Die Sterne liegen nicht auf einer Kugelschale .

Hinweise dafür:

Sterne sind Sonnen , nur weiter weg

Spektralanalyse (19. Jhd.): Sternspektren zeigen die gleichen Elemente, wie sie auf der Sonne bzw. auf der Erde vorkommen. Auch die Temperaturen lassen sich abschätzen.

Sterne haben einen " Lebenslauf "

Wir können die vielen verschiedenen Erscheinungsformen von Sternen in ein Sternmodell einfügen, das eine dynamische Entwicklung beinhaltet. Prinzipiell wird ein Stern von zwei Kräften beherrscht: Der Gasdruck aus seinem Inneren (Folge der Kernfusion) und dem Gravitationsdruck.

 

Wie entstand das Wissen über unsere Milchstraße?

Das Band unserer Milchstraße zeigt im Teleskop betrachtet immer mehr Einzelsterne.

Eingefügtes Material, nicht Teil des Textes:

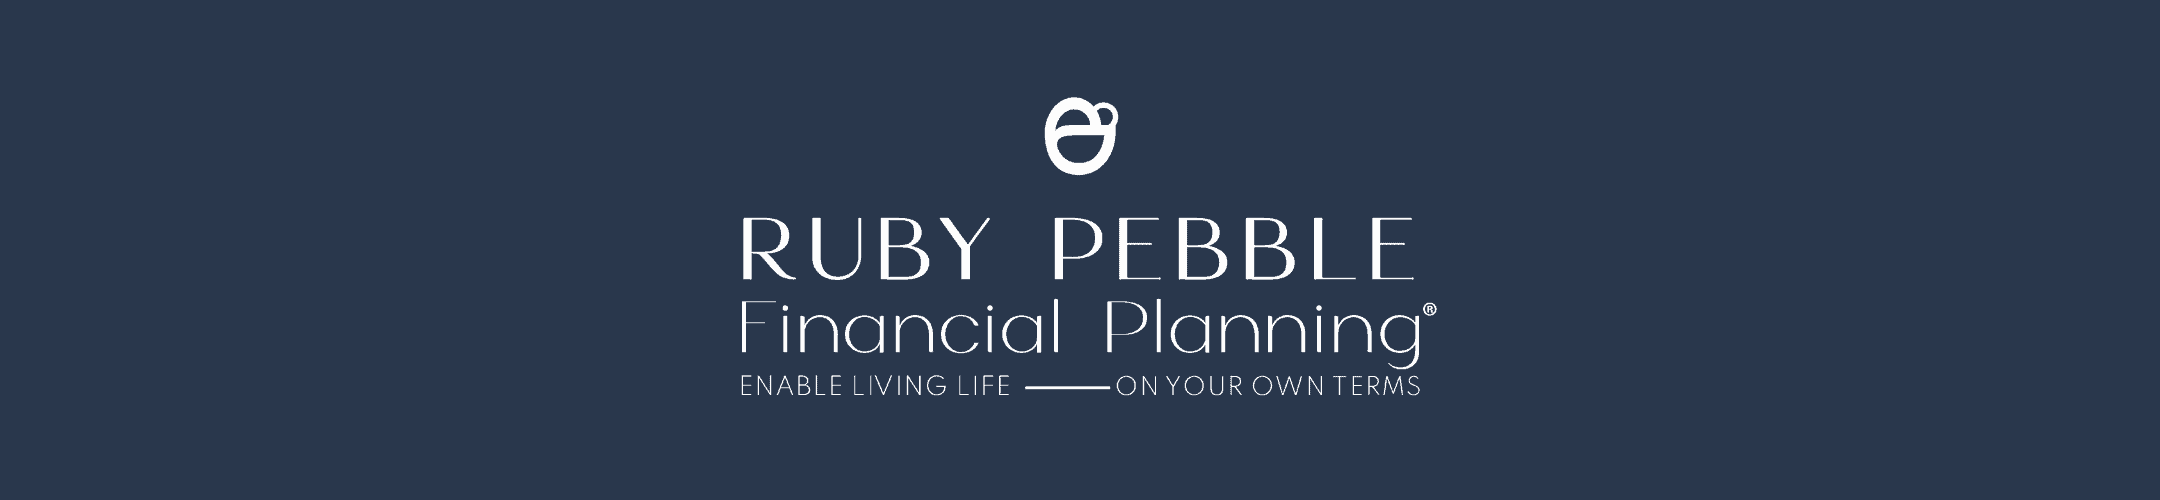 Ruby pebble financial planning: empower your life by managing your finances on your own terms.

Alle Sterne die wir sehen gehören zu dieser Galaxie (ca. 100 Milliarden). Wenn wir in das Band schauen, sehen wir in die Scheibe hinein, in Richtung höherer Sternenkonzentration.

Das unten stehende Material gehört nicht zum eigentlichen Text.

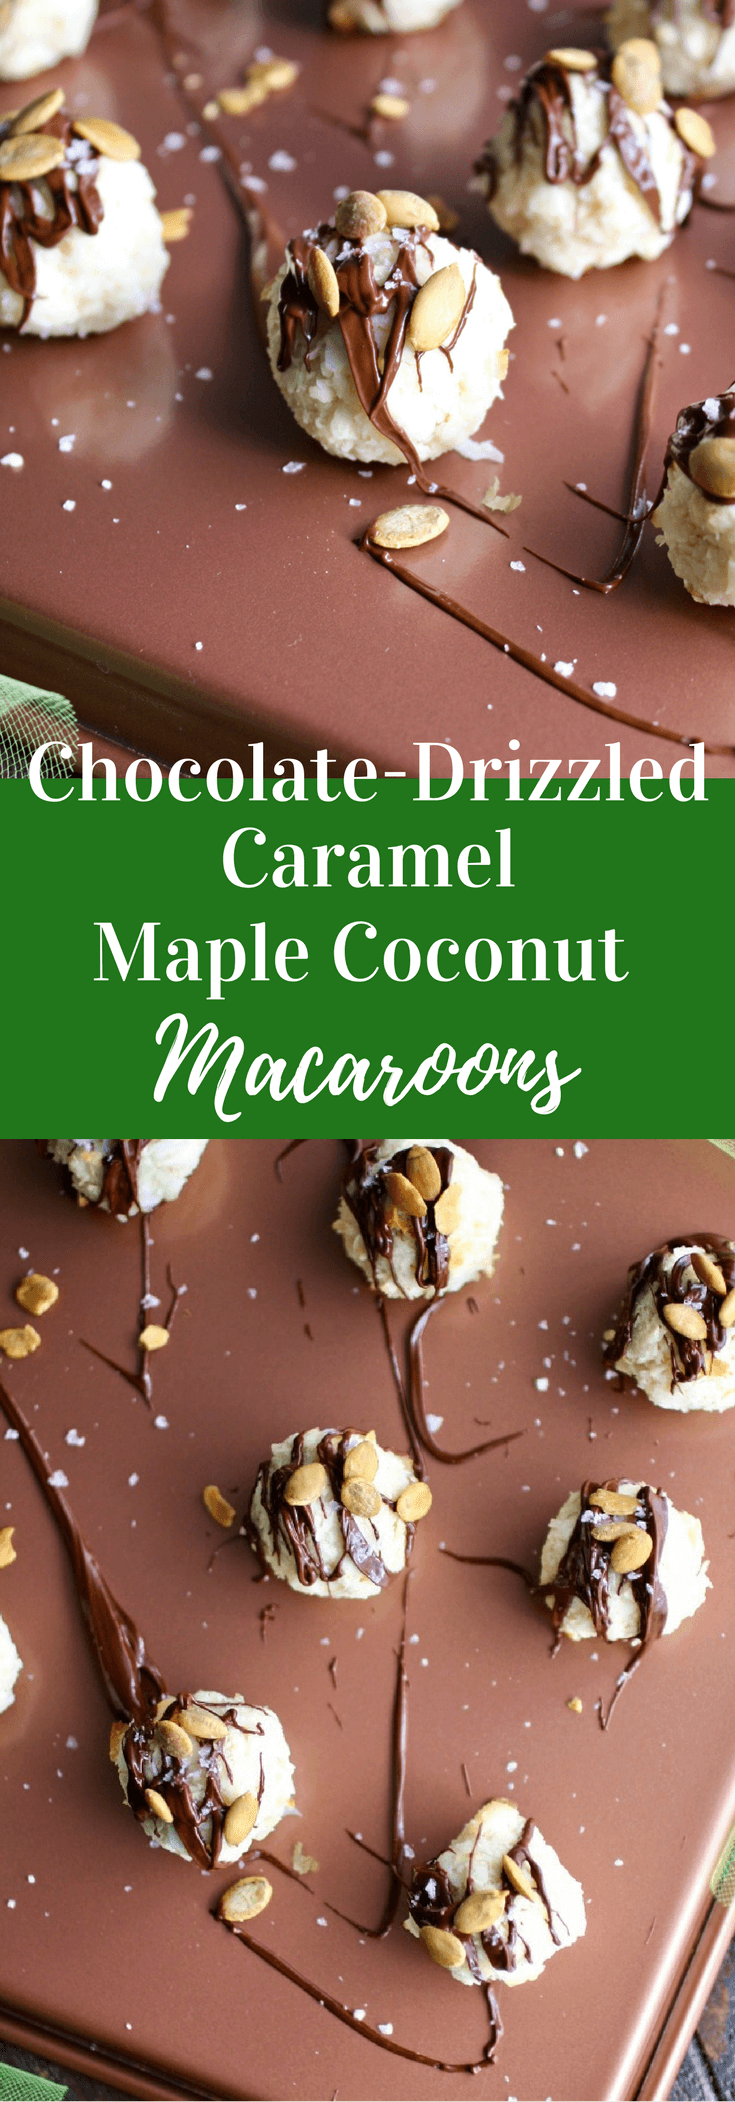 Perfect for the cookie platter: Chocolate-Drizzled Caramel Maple Coconut Macaroons!

Unsere Sonne liegt eher am Rand . H. Shapley vermaß zu Beginn unseres Jahrhunderts die Verteilung von Kugelsternhaufen. Aus dieser Verteilung schloß er die Randstellung unseres Sonnensystems.

Bereits vor unserem Jahrhundert gab es Vermutungen, dass viele der " Nebel " nicht in unserer Milchstraße sind, sondern eigene Sternsysteme darstellen. Die Bestätigung erfolgte durch E.P. Hubble, der Teile des Andromedanebels in Einzelsterne auflösen konnte und auch eine erste Entfernungsabschätzung zustande brachte. (ca. 1925).

 
 
 

Ist unser Universum unendlich?
 

 
Die mittelalterliche Welt war begrenzt (eine Kugel), der Sternenhimmel rotierte (im 24 Stunden-Rhythmus) um die Erde.   

Mit Kopernikus entstand die Möglichkeit der Unendlichkeit, die Sterne standen nun still. (siehe Bild: (19), S. 63) 

Newtons Problem : Ein unendliches statisches Universum mit gleichmäßiger Sternverteilung kann nicht stabil sein, es muss infolge der Gravitation in sich zusammenstürzen. 

offener Sternhimmel
 

Olbers Paradoxon : Ein unendliches statisches Universum mit gleichmäßiger Sternverteilung müßte auch in der Nacht taghell sein.

Heutiges (Standard-) Modell : Das Universum ist dynamisch, es dehnt sich aus. Es ist nicht geklärt, ob mit konstanter Geschwindigkeit, verzögert oder sogar beschleunigt. Der Raum muss nicht eben sein (allgemeine Relativitätstheorie), er kann auch in sich gekrümmt sein. Damit wäre ein endliches, aber unbegrenztes Universum möglich.